**TASK DESCRIPTION:** Everything in the listing below except the pictures should be reproduced exactly.

*** Opening COLLECTED MATERIAL ***

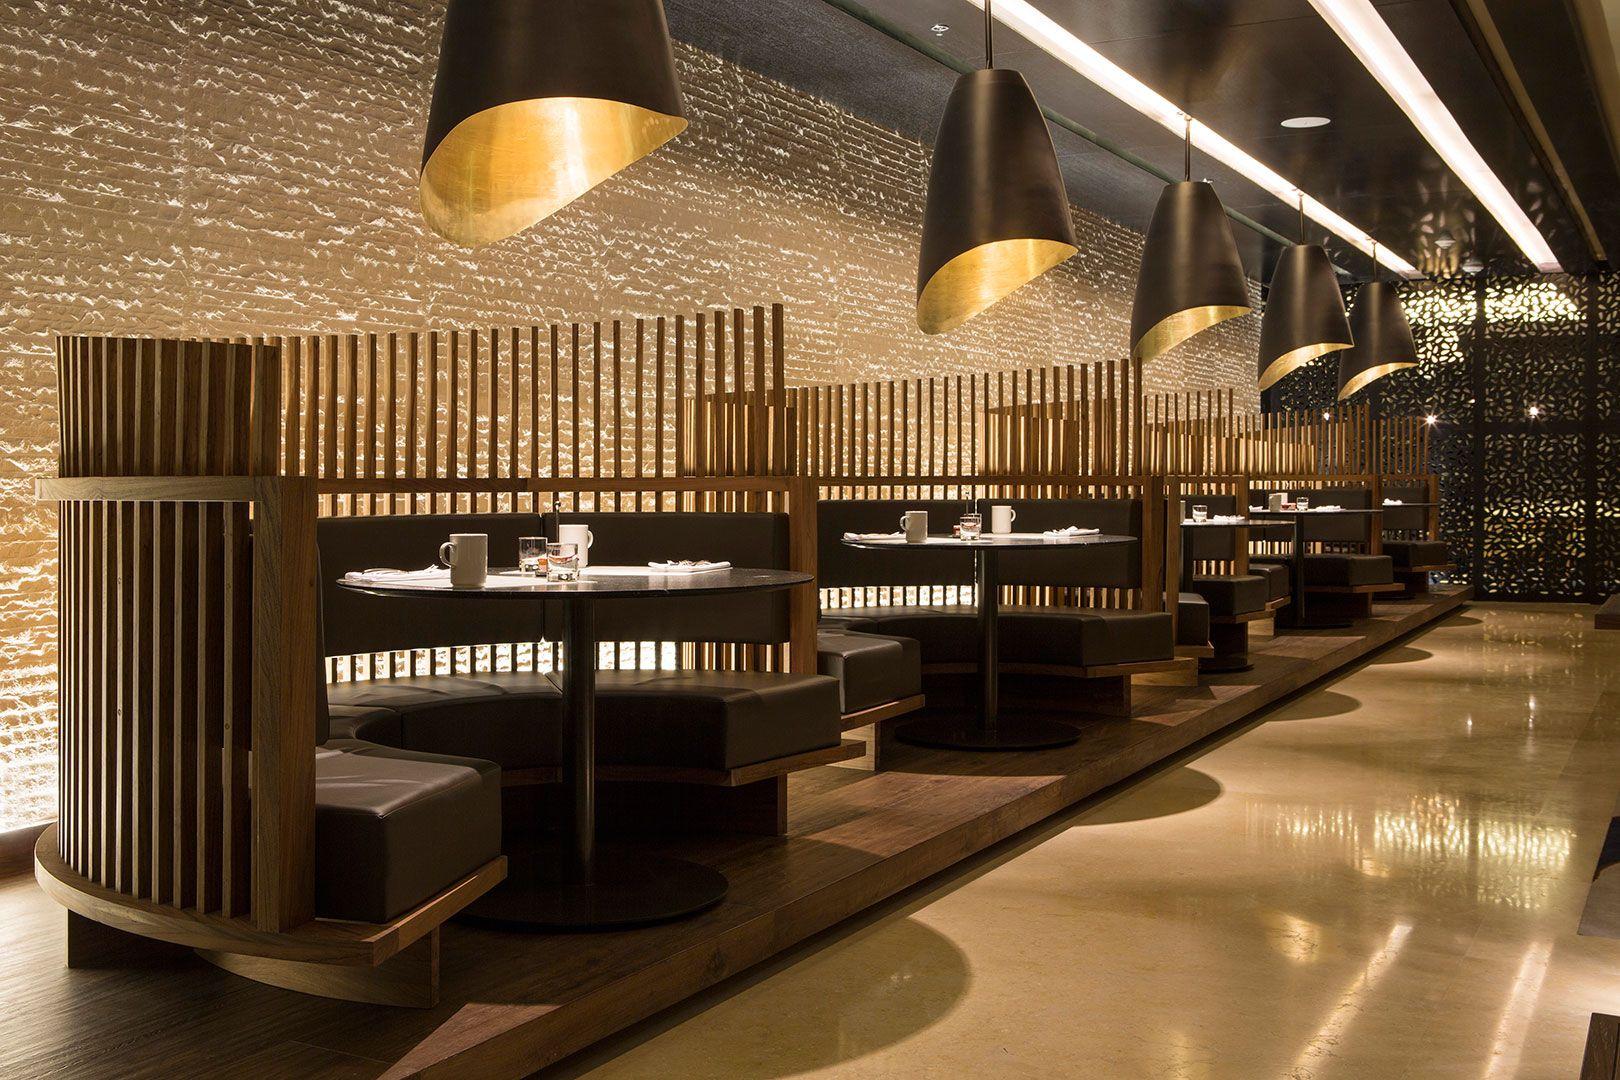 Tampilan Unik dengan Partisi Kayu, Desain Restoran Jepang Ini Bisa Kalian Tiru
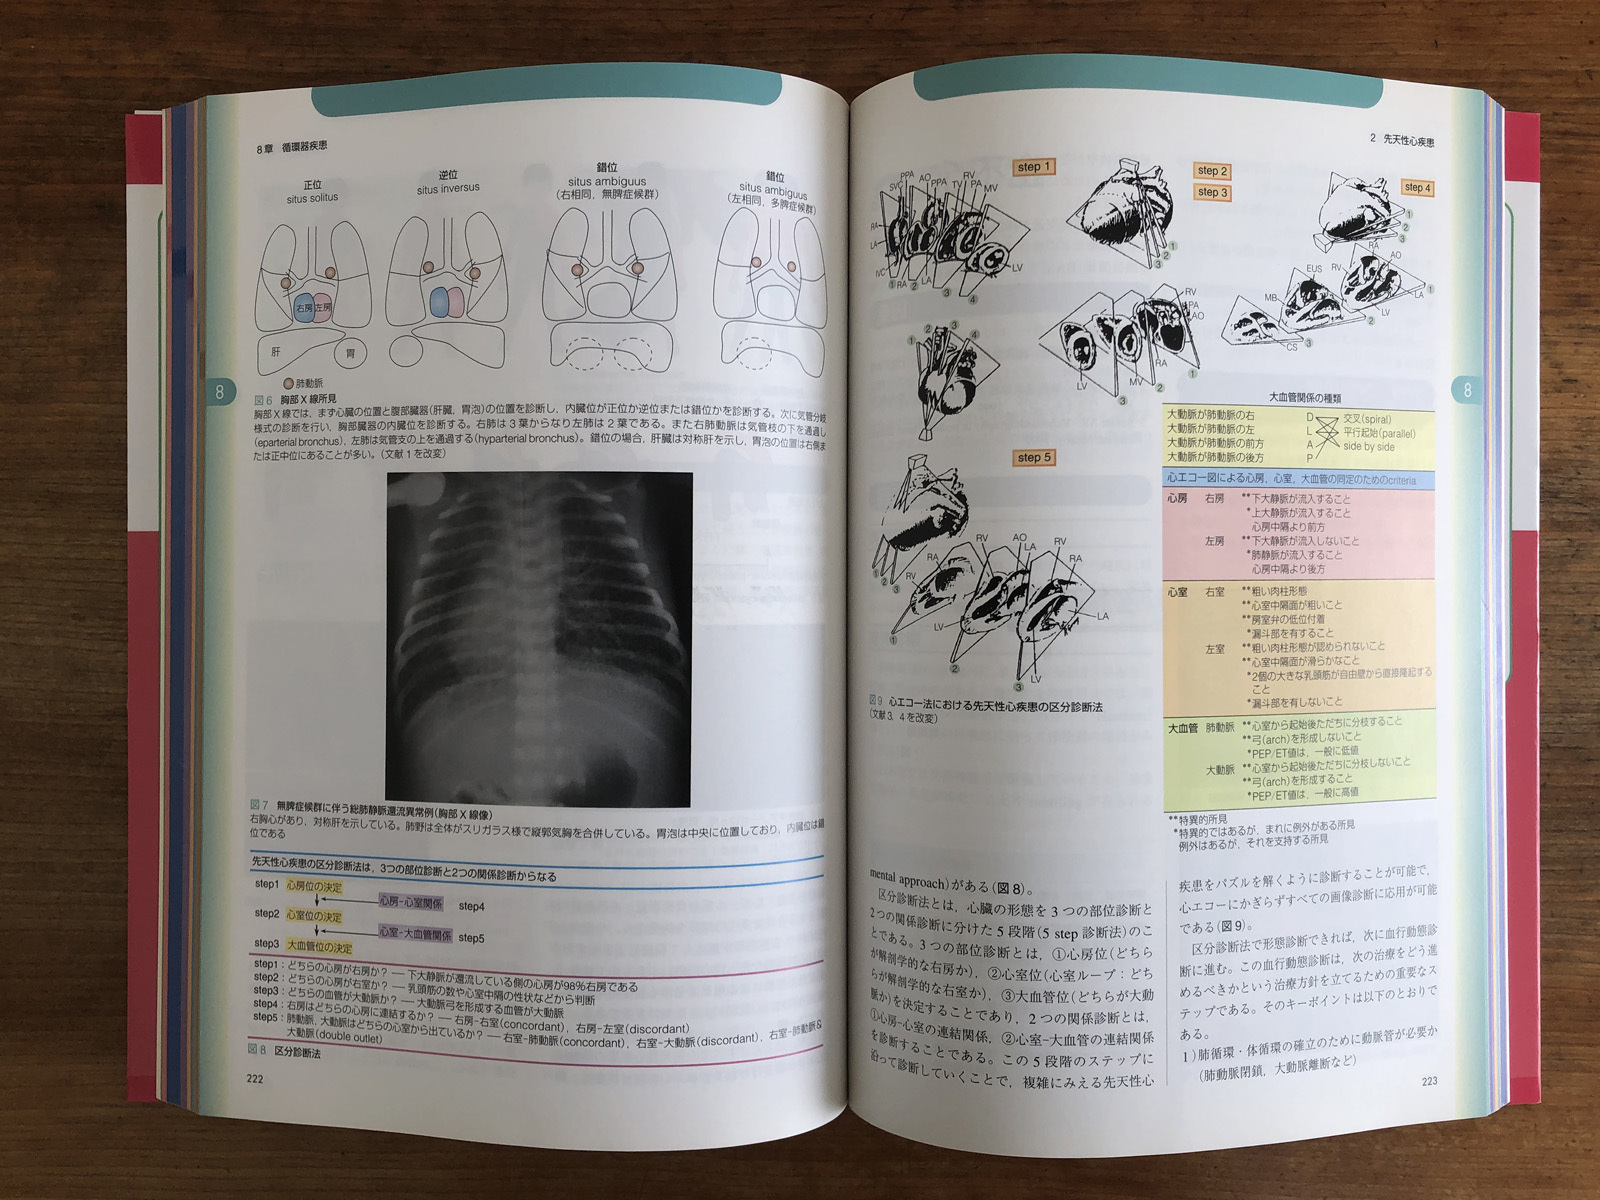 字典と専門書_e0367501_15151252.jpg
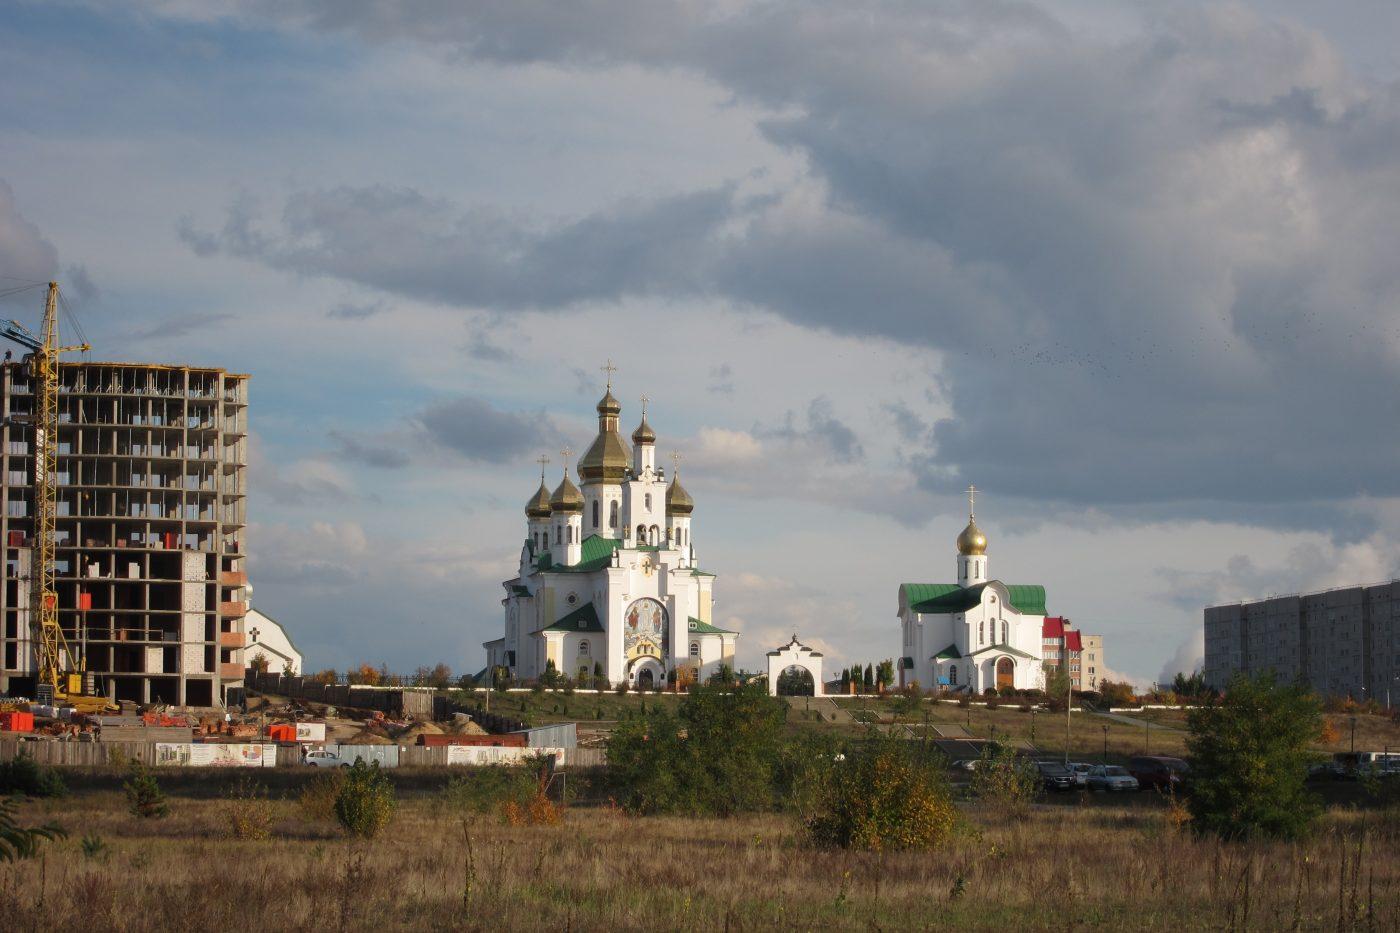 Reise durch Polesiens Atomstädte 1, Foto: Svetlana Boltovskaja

*** Closing COLLECTED MATERIAL ***

**THE COMPLETED TASK:**
 Tampilan Unik dengan Partisi Kayu, Desain Restoran Jepang Ini Bisa Kalian Tiru
 字典と専門書_e0367501_15151252.jpg
 Reise durch Polesiens Atomstädte 1, Foto: Svetlana Boltovskaja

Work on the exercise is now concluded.